Our prognostic tool was implemented on FDG-PET images, which exhibit high image contrast and small variation among various acquisitions and reconstructions (42), thereby making fully-automated image analysis a more promising task. Although the segmentation model (nnUNet) is clinically applicable for distinct segmentation tasks (23, 29), extensive data augmentation enabled the generalization of this model to unseen domains (30). The ConvCox prognostic model developed in our study is a regression network that has the capacity to learn time-dependent events directly from all the available data. This is a highly desirable feature for prognostic applications, where the number of patients with complete baseline imaging data tends to be limited. Moreover, the ConvCox network is designed with consideration of several architectural modifications, optimized training and inference configurations, incorporation of domain knowledge (e.g., N-T distance map), and the model ensemble of -T and -TN constituents (focusing on the tumor itself and its relationship with lymph nodes, respectively), thereby improving its robustness and generalization. In deep learning practice, assembling models trained from several training-validation data splits (e.g., five models trained from nested five-fold cross-validation in the current study) is a commonly utilized solution that is efficient and effective in improving model robustness on unseen data (23, 29, 41).

The DeepPET-OPSCC outperformed all other clinical variables for OS prediction at 2 and 5 years. In addition, it was found to correlate with known clinical and PET-derived prognostic parameters. Taken together, these observations indicate an association between the prognostic features captured by deep learning and established prognostic markers in OPSCC, including the HPV and AJCC stages. These interrelationships may also explain why DeepPET-OPSCC performed similarly well in Asian and Western populations, despite different disease characteristics (e.g., different proportions of HPV+ cases and 5-year OS). Moreover, DeepPET-OPSCC followed the path of the eighth AJCC staging system, which downstaged stage IV to stages I to III for HPV+ OPSCC. Accordingly, 182 (67%) of the 271 cases with stage IV disease in the TCIA test cohort (70% HPV+) were classified as being at low risk by the DeepPET-OPSCC.

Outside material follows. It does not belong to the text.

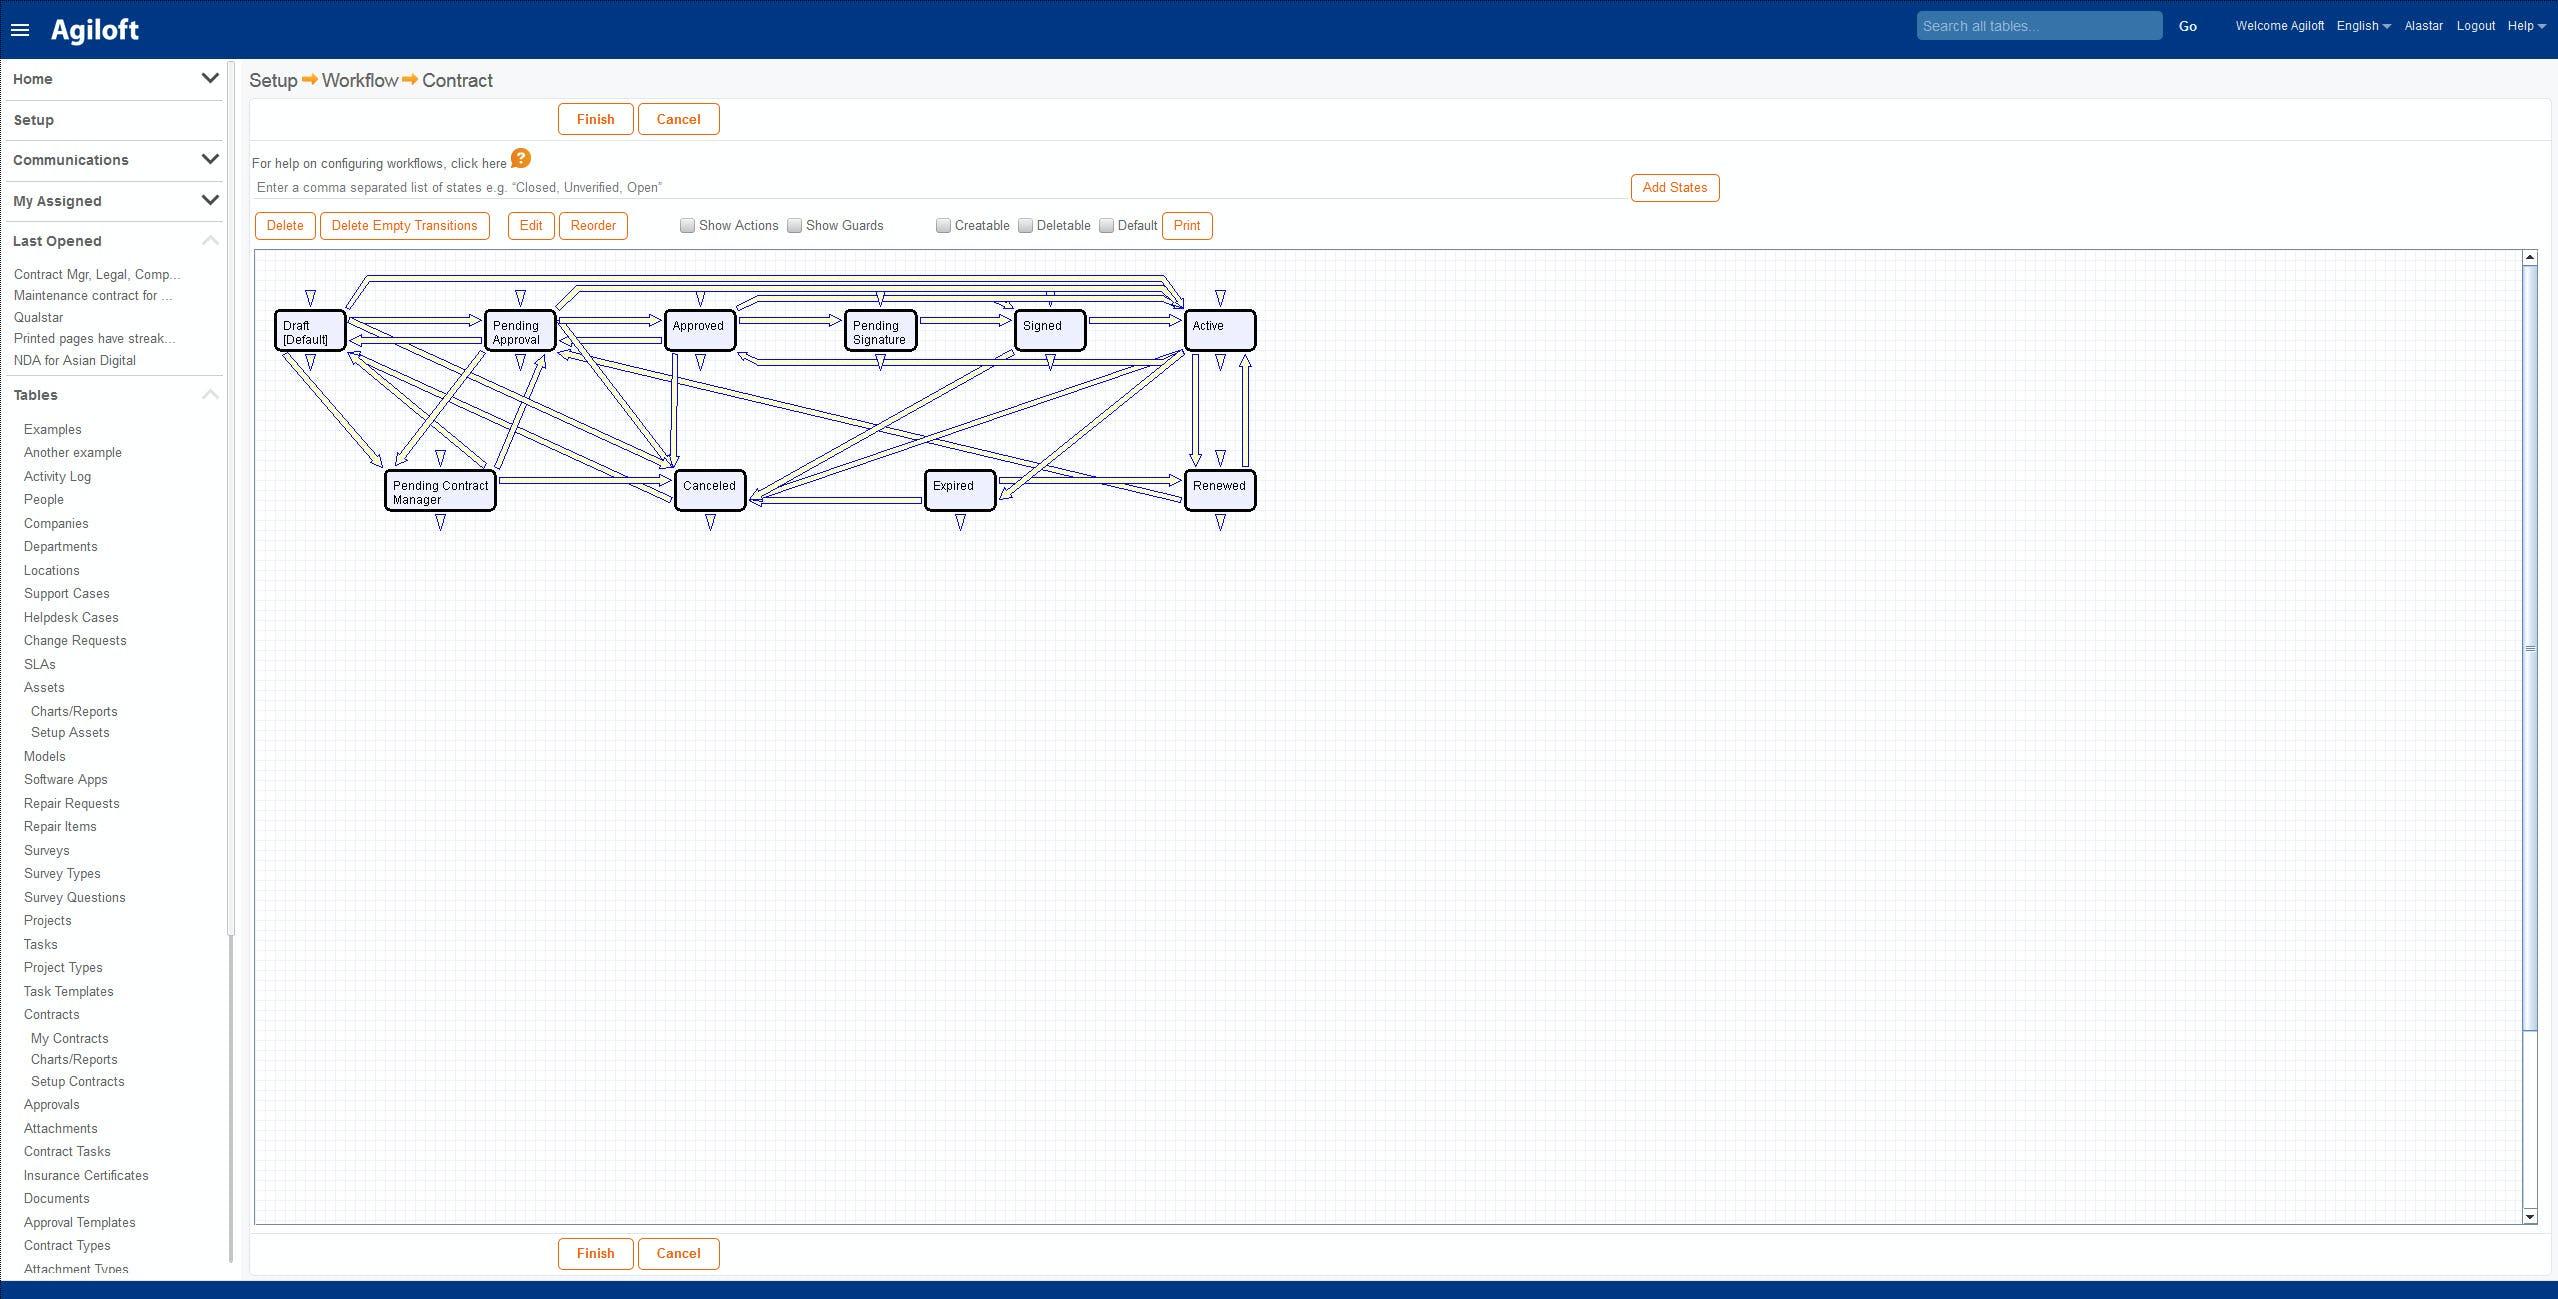 Agiloft Software - Workflow

When DeepPET-OPSCC was included in multivariable analyses, we unexpectedly found that high SUVmax (HR = 0.60; P = 0.010) in the discovery cohort and high MTV (HR = 0.40; P = 0.014) in the TCIA test cohort had protective effects. A potential explanation may be related to the presence of necrosis or abscess tumors, which was known to portend poor outcomes in head and neck malignancies while being associated with low SUVmax and MTV values (43). Alternatively, this result may stem from the presence of collinearity in multivariable analysis. In this regard, DeepPET-OPSCC was significantly correlated (P < 0.001) with both SUVmax and MTV. Nevertheless, this effect was not observed in the entire cohort with known HPV status. Similar counterintuitive results can be found in multivariable analyses of published clinical studies (38, 41), in which, for example, cT3 or cT4 versus cT1 yielded an HR of 0.4 (38).

Our tool enabled us to obtain a renormalized heatmap that can depict risk at both patient and voxel levels through a hot-cold color encoding. Although we hypothesize that personalized radiation plans with higher tumoricidal doses could potentially target the identified high-risk regions (12, 44), this requires further investigation.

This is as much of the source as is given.